Now, edit src/routes/index.js to change the home page so it renders the new EJS view.

"use strict";

const api = require( "./api" );
const auth = require( "./auth" );

module.exports.register = async server => {
   // register api routes
   await api.register( server );

   // register authentication routes
   await auth.register( server );

   // home page route
   server.route( {
       method: "GET",
       path: "/",
       config: {
           auth: {
               strategy: "session",
               mode: "optional"
           }
       },
       handler: async ( request, h ) => {
           try {
               const message = request.auth.isAuthenticated ? `Hello, ${ request.auth.credentials.profile.firstName }!` : "My first hapi server!";
               return h.view( "index", {
                   title: "Home",
                   message,
                   isAuthenticated: request.auth.isAuthenticated
               } );
           } catch ( err ) {
               server.log( [ "error", "home" ], err );
           }
       }
   } );

   // Serve static files in the /dist folder
   server.route( {
       method: "GET",
       path: "/{param*}",
       handler: {
           directory: {
               path: "dist"
           }
       }
   } );
};

Update API Routes and Add SQL Queries

You need to update the application API to query the database based on the currently logged-in user. At a minimum, you need routes to create, update, and delete events, along with their respective SQL queries.

Create a new file under src/data/events named addEvent.sql. Add the following SQL to this file.

INSERT INTO [dbo].[events]
(
   [userId]
   , [title]
   , [description]
   , [startDate]
   , [startTime]
   , [endDate]
   , [endTime]
)
VALUES
(
   @userId
   , @title
   , @description
   , @startDate
   , @startTime
   , @endDate
   , @endTime
);

SELECT SCOPE_IDENTITY() AS id;

Create a new file under src/data/events named updateEvent.sql. Add the following SQL to this file.

UPDATE  [dbo].[events]
SET     [title] = @title
       , [description] = @description
       , [startDate] = startDate
       , [startTime] = @startTime
       , [endDate] = @endDate
       , [endTime] = @endTime
WHERE   [id] = @id
 AND   [userId] = @userId;

SELECT  [id]
       , [title]
       , [description]
       , [startDate]
       , [startTime]
       , [endDate]
       , [endTime]
FROM    [dbo].[events]
WHERE   [id] = @id
 AND   [userId] = @userId;

Create a new file under src/data/events named deleteEvent.sql.
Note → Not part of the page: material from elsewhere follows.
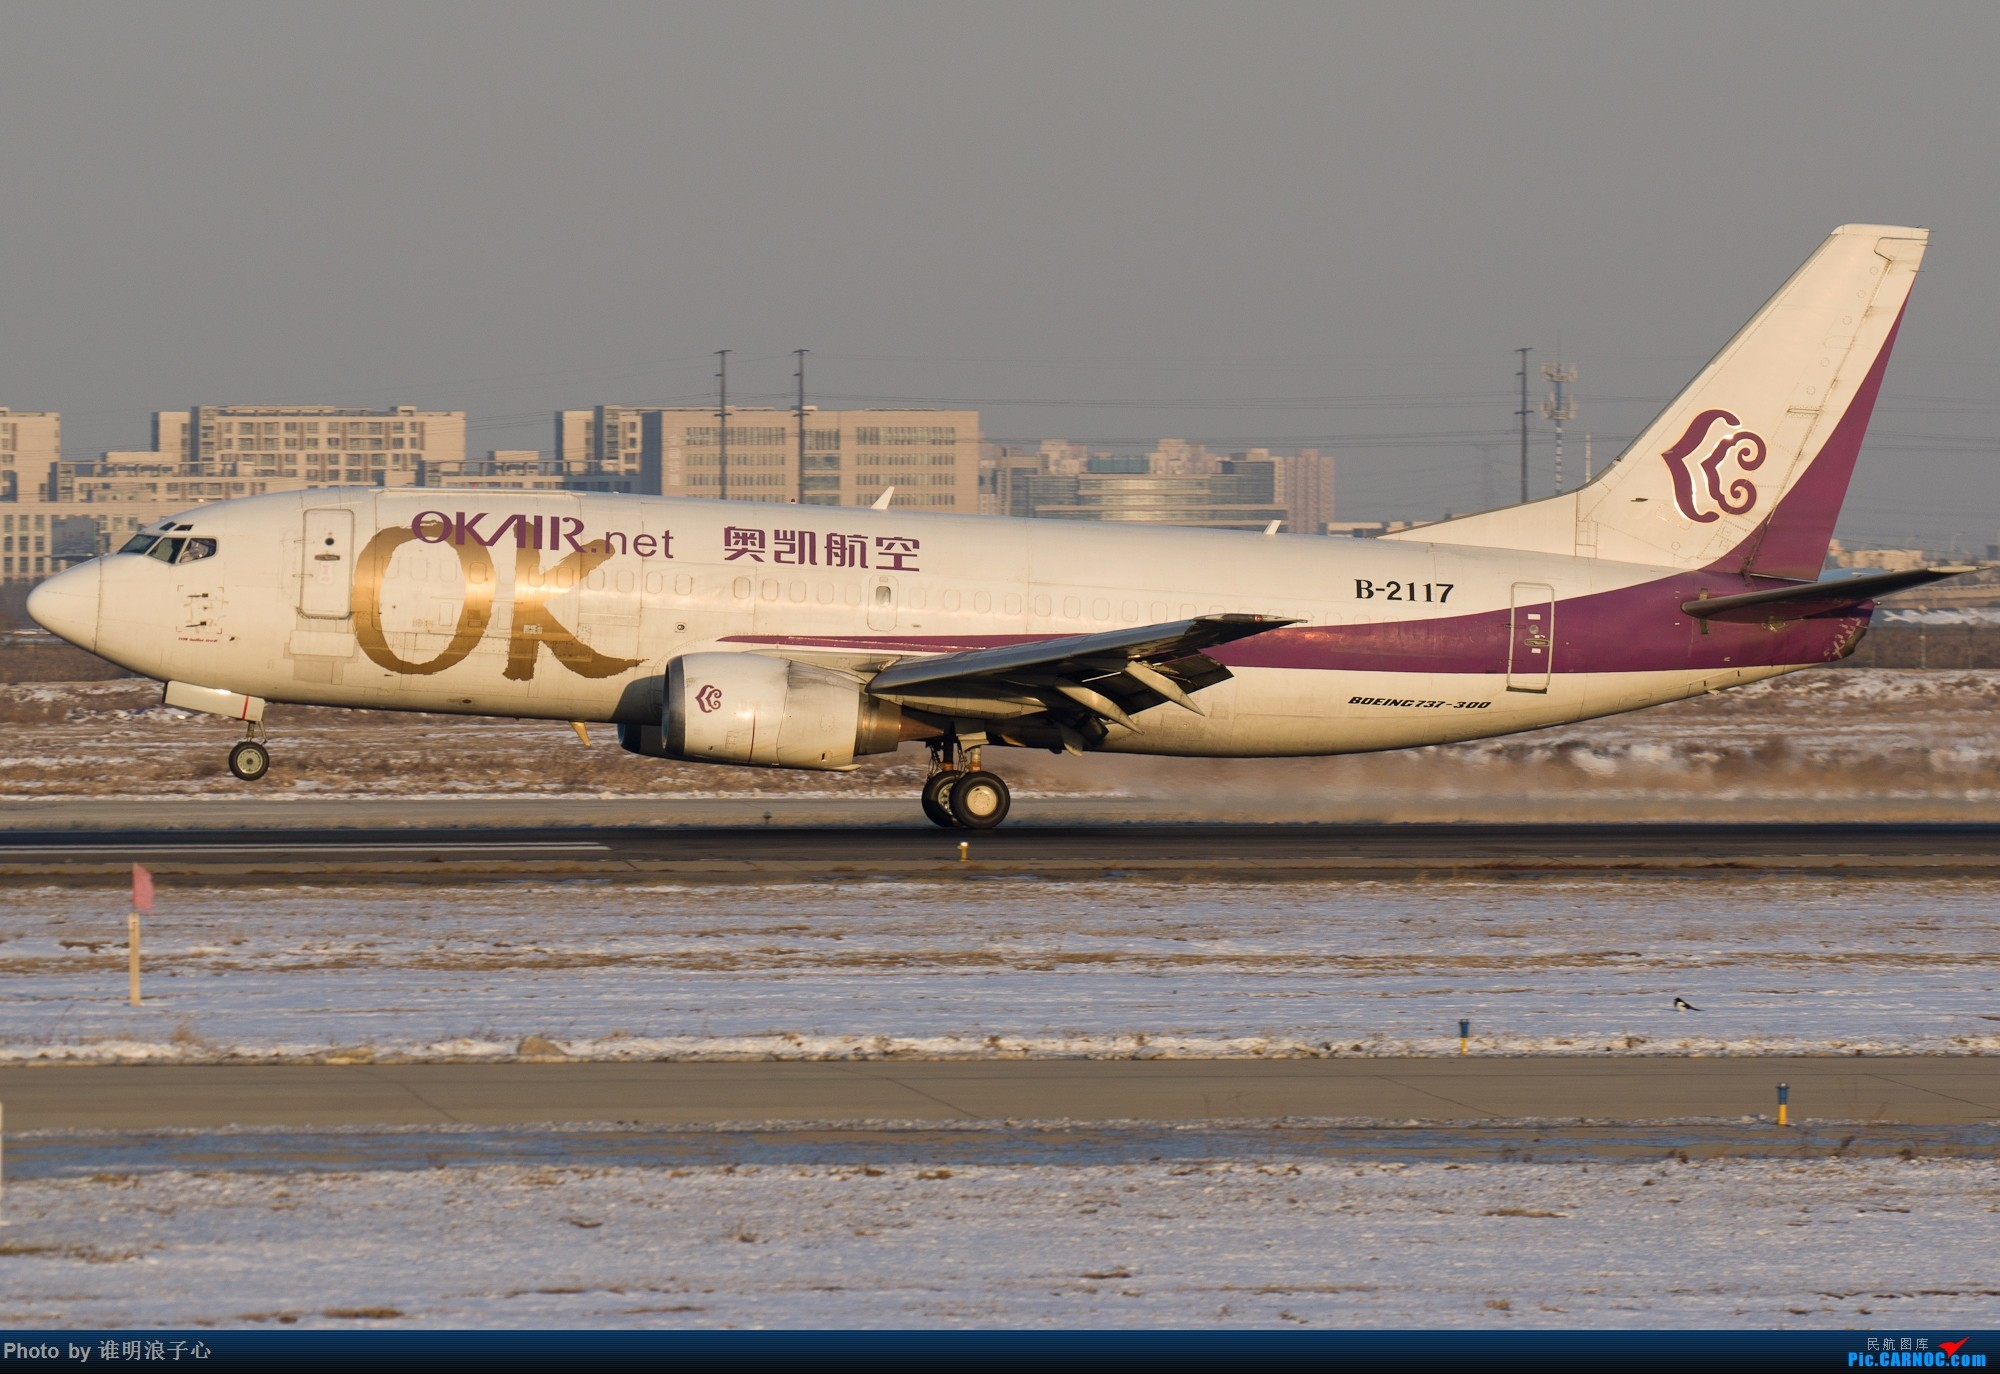 Re:[原创]【TSN飞友会】雪后晴天 BOEING 737-300 B-2117 中国天津滨海国际机场
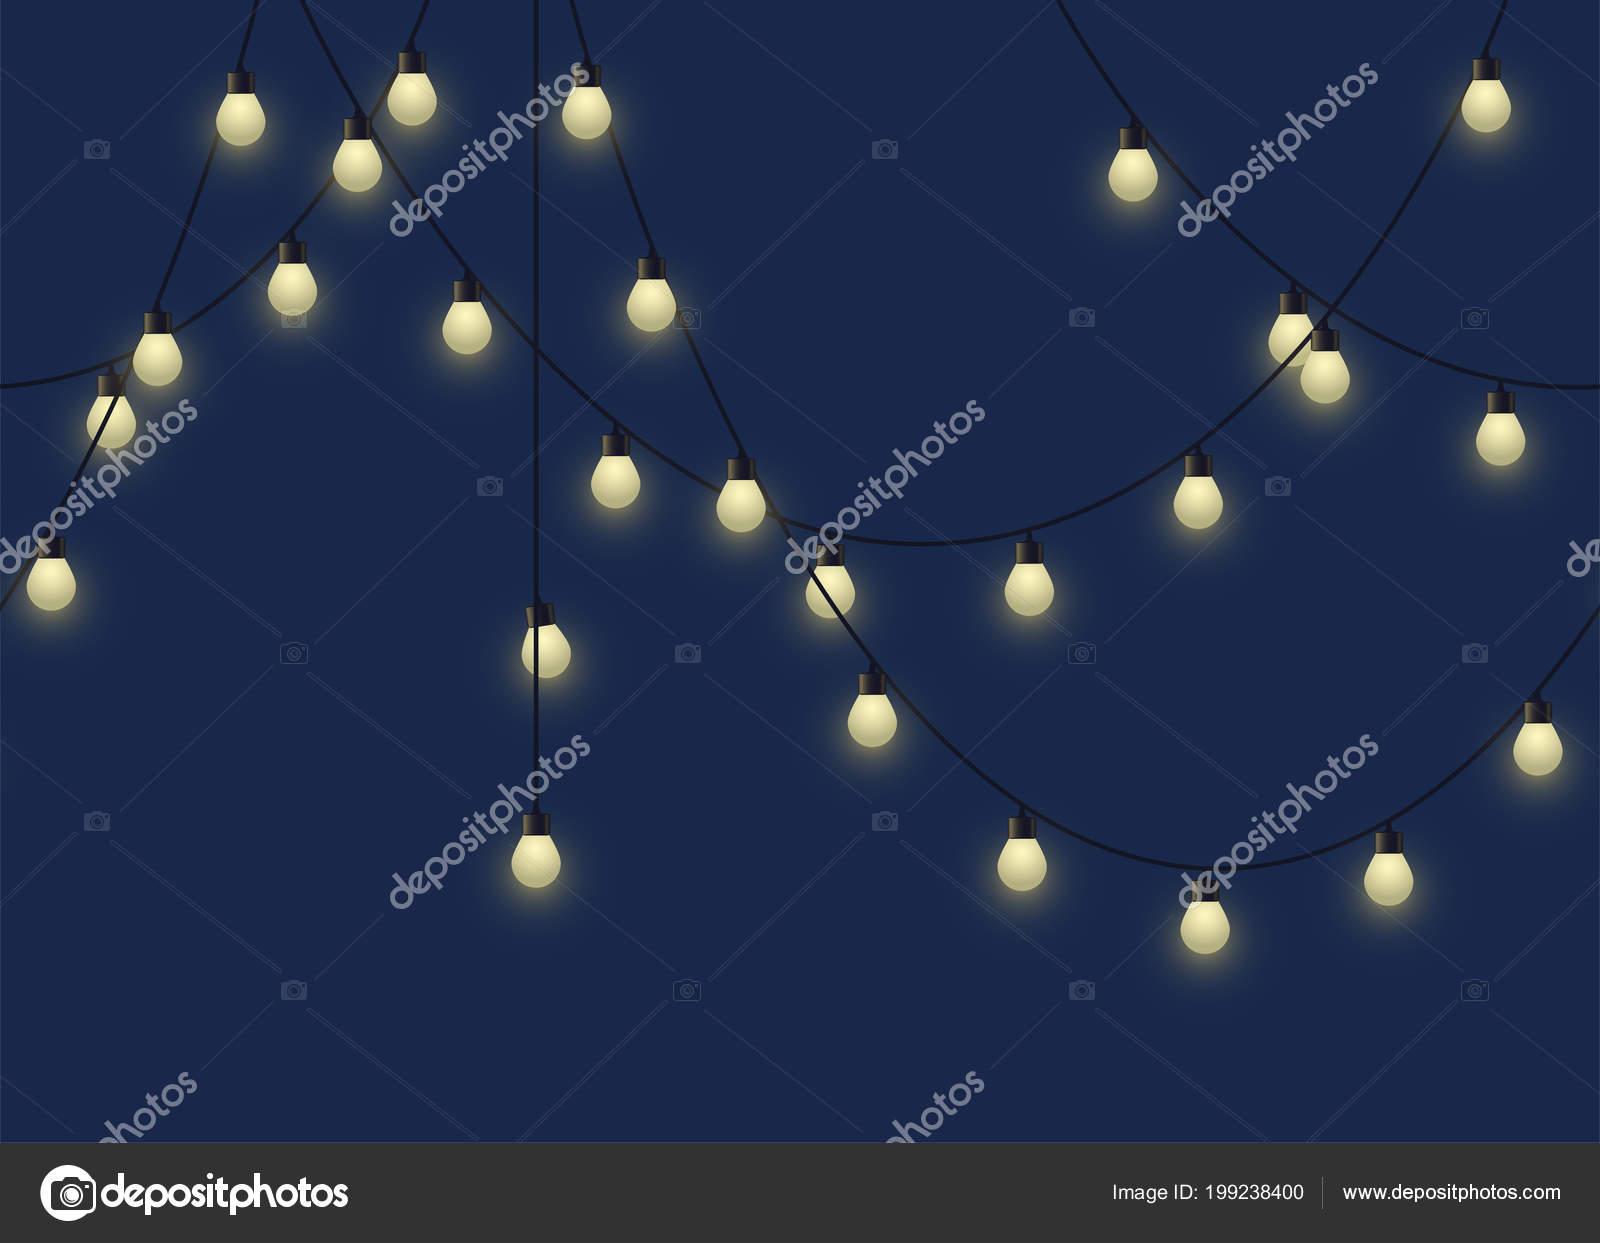 D'ampoule Lumineuse Sur Guirlande Sur Rougeoyantedécoratif Lumineuse Guirlande Sur D'ampoule Rougeoyantedécoratif D'ampoule UzVMGLqSp

Add the following SQL to this file.

DELETE  [dbo].[events]
WHERE   [id] = @id
 AND   [userId] = @userId;

Update src/data/events/index.js to contain the following code.

"use strict";

const utils = require( "../utils" );

const register = async ( { sql, getConnection } ) => {
   // read in all the .sql files for this folder
   const sqlQueries = await utils.loadSqlQueries( "events" );

   const getEvents = async userId => {
       // get a connection to SQL Server
       const cnx = await getConnection();

       // create a new request
       const request = await cnx.request();

       // configure sql query parameters
       request.input( "userId", sql.VarChar( 50 ), userId );

       // return the executed query
       return request.query( sqlQueries.getEvents );
   };

   const addEvent = async ( { userId, title, description, startDate, startTime, endDate, endTime } ) => {
       const pool = await getConnection();
       const request = await pool.request();
       request.input( "userId", sql.VarChar( 50 ), userId );
       request.input( "title", sql.NVarChar( 200 ), title );
       request.input( "description", sql.NVarChar( 1000 ), description );
       request.input( "startDate", sql.Date, startDate );
       request.input( "startTime", sql.Time, startTime );
       request.input( "endDate", sql.Date, endDate );
       request.input( "endTime", sql.Time, endTime );
       return request.query( sqlQueries.addEvent );
   };

   const updateEvent = async ( { id, userId, title, description, startDate, startTime, endDate, endTime } ) => {
       const pool = await getConnection();
       const request = await pool.request();
       request.input( "id", sql.Int, id );
       request.input( "userId", sql.VarChar( 50 ), userId );
       request.input( "title", sql.NVarChar( 200 ), title );
       request.input( "description", sql.NVarChar( 1000 ), description );
       request.input( "startDate", sql.Date, startDate );
       request.input( "startTime", sql.Time, startTime );
       request.input( "endDate", sql.Date, endDate );
       request.input( "endTime", sql.Time, endTime );
       return request.query( sqlQueries.updateEvent );
   };

   const deleteEvent = async ( { id, userId } ) => {
       const pool = await getConnection();
       const request = await pool.request();
       request.input( "id", sql.Int, id );
       request.input( "userId", sql.VarChar( 50 ), userId );
       return request.query( sqlQueries.deleteEvent );
   };

   return {
       addEvent,
       deleteEvent,
       getEvents,
       updateEvent
   };
};

module.exports = { register };

Update src/routes/api/events.js to contain the following code.

"use strict";
const boom = require( "boom" );
module.exports.register = async server => {
   server.route( {
       method: "GET",
       path: "/api/events",
       config: {
           auth: {
               strategy: "session",
               mode: "required"
           },
           handler: async request => {
               try {
                   // get the sql client registered as a plugin
                   const db = request.server.plugins.sql.client;
                   // get the current authenticated user's id
                   const userId = request.auth.credentials.profile.id;
                   // execute the query
                   const res = await db.events.getEvents( userId );
                   // return the recordset object
                   return res.recordset;
               } catch ( err ) {
                   server.log( [ "error", "api", "events" ], err );
                   return boom.boomify( err );
               }
           }
       }
   } );
   server.route( {
       method: "POST",
       path: "/api/events",
       config: {
           auth: {
               strategy: "session",
               mode: "required"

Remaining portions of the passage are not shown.